An exact copy of all the data below is needed, without its pictures.

Recorded data:
■ ■ ■ ■ ■

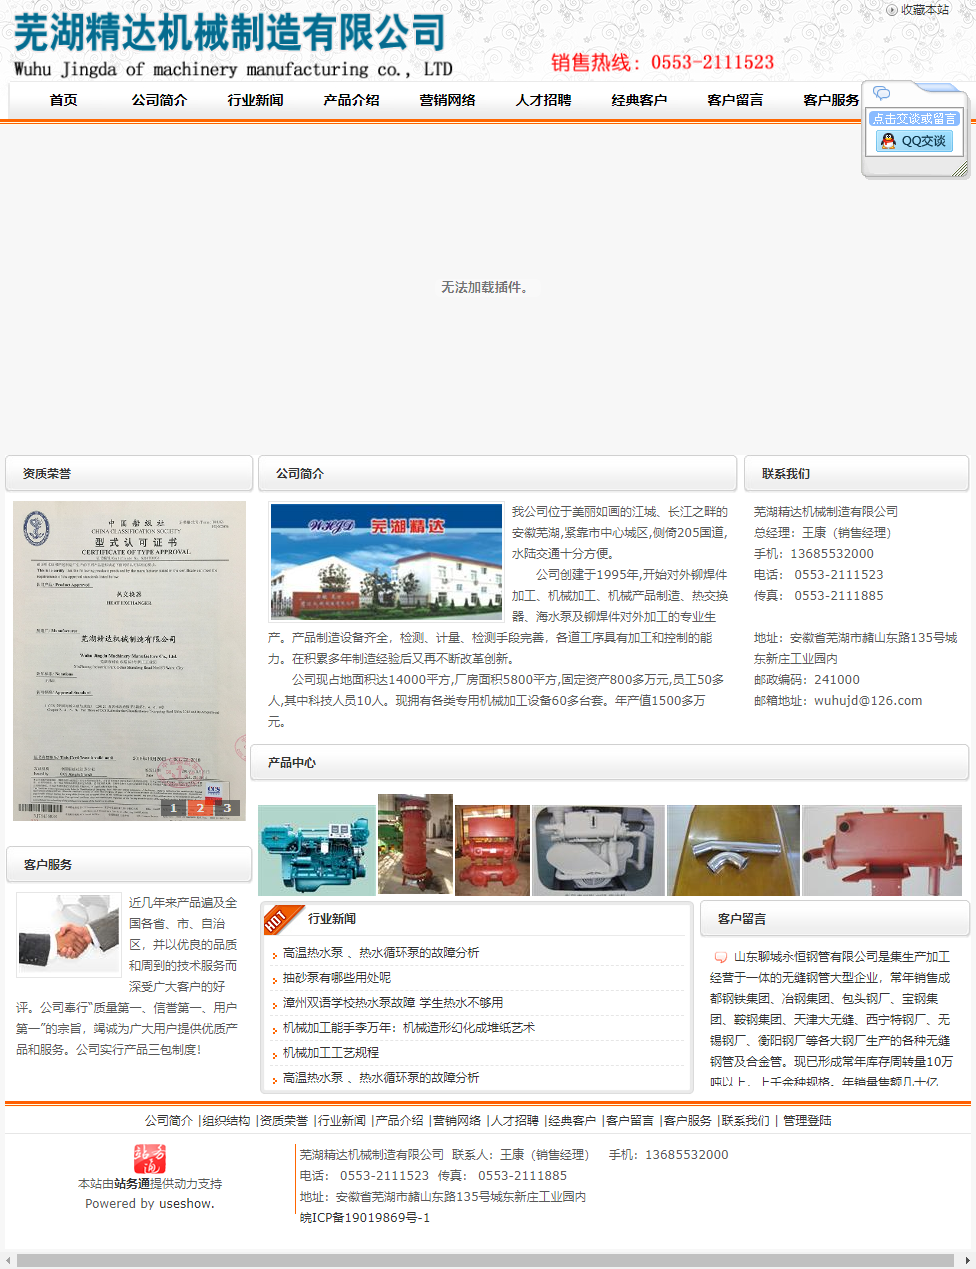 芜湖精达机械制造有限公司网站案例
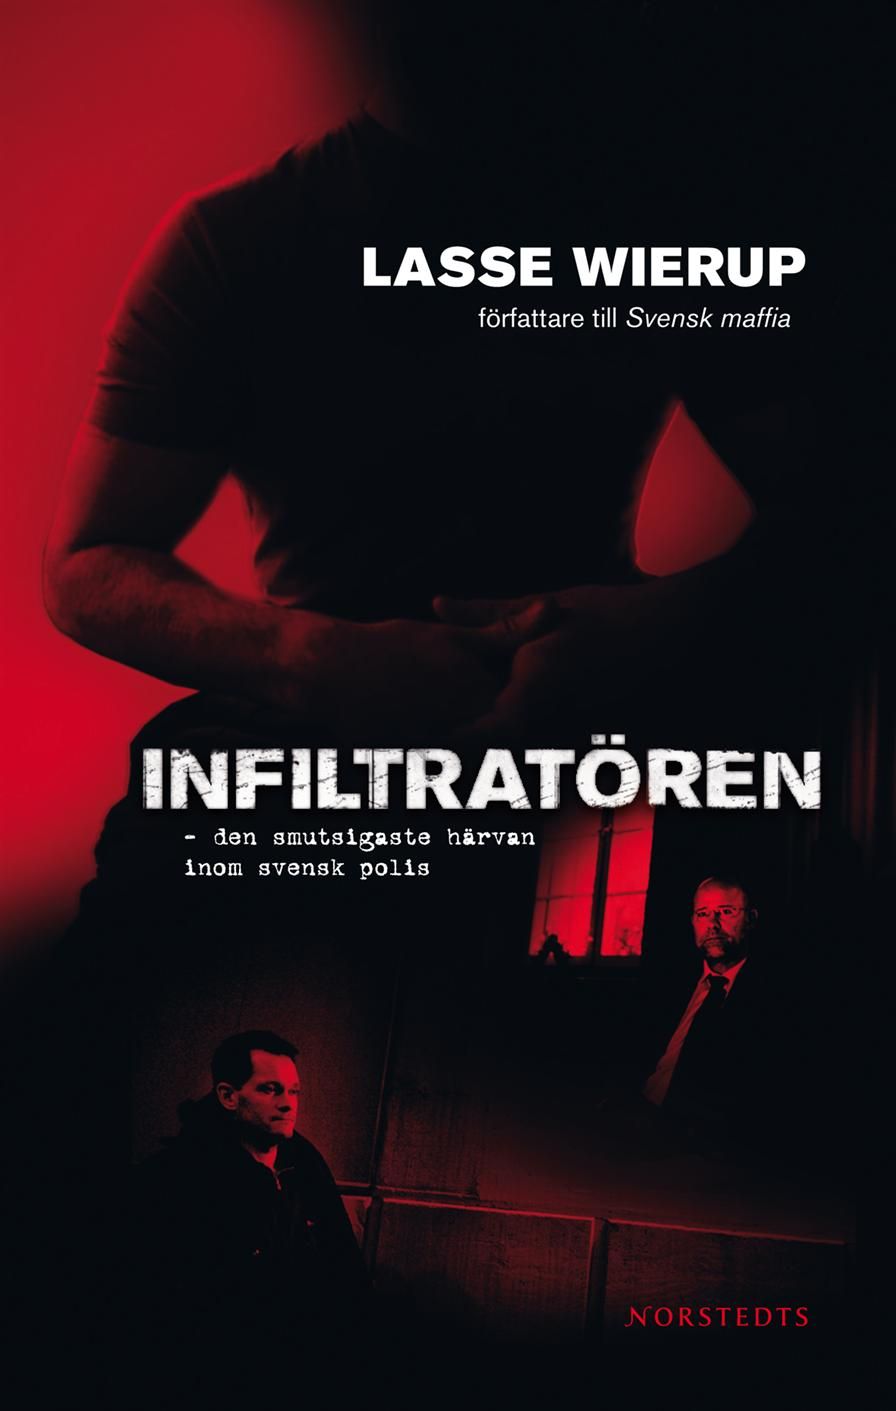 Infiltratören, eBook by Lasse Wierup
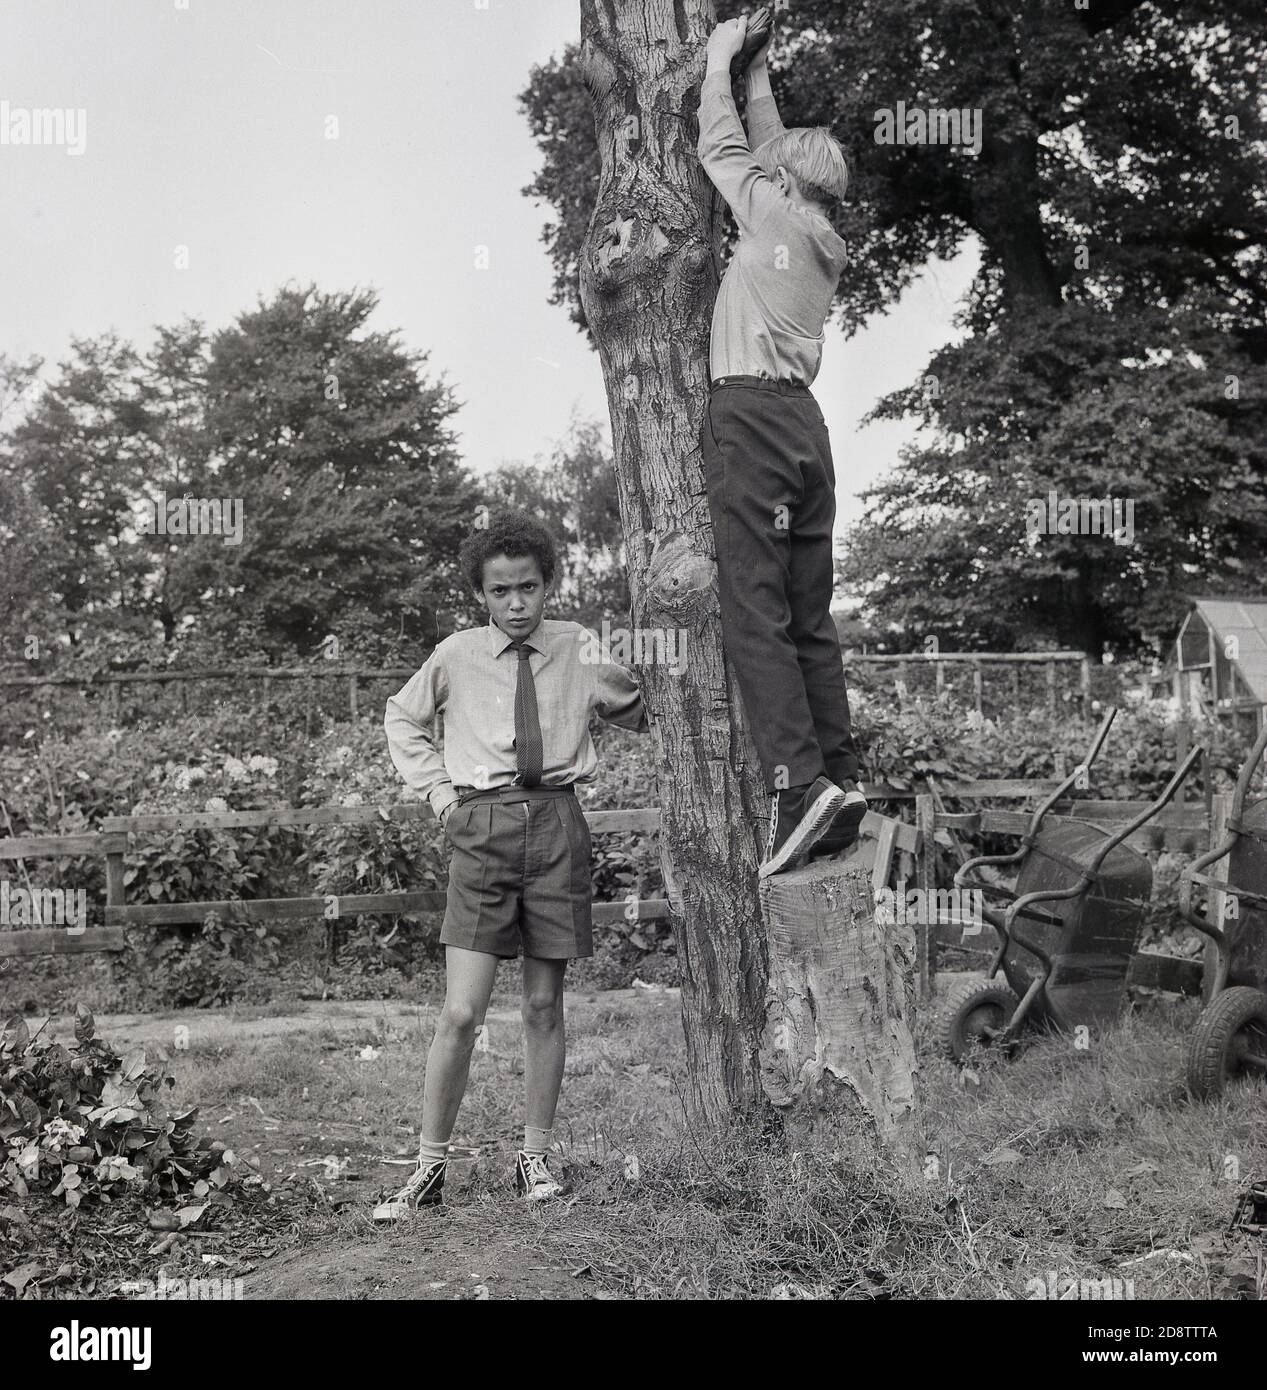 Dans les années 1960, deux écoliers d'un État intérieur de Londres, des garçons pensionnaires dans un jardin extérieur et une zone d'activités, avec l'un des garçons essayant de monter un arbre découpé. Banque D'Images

■ ■ ■ ■ ■

Task solution:
 芜湖精达机械制造有限公司网站案例
 Infiltratören, eBook by Lasse Wierup
 Dans les années 1960, deux écoliers d'un État intérieur de Londres, des garçons pensionnaires dans un jardin extérieur et une zone d'activités, avec l'un des garçons essayant de monter un arbre découpé. Banque D'Images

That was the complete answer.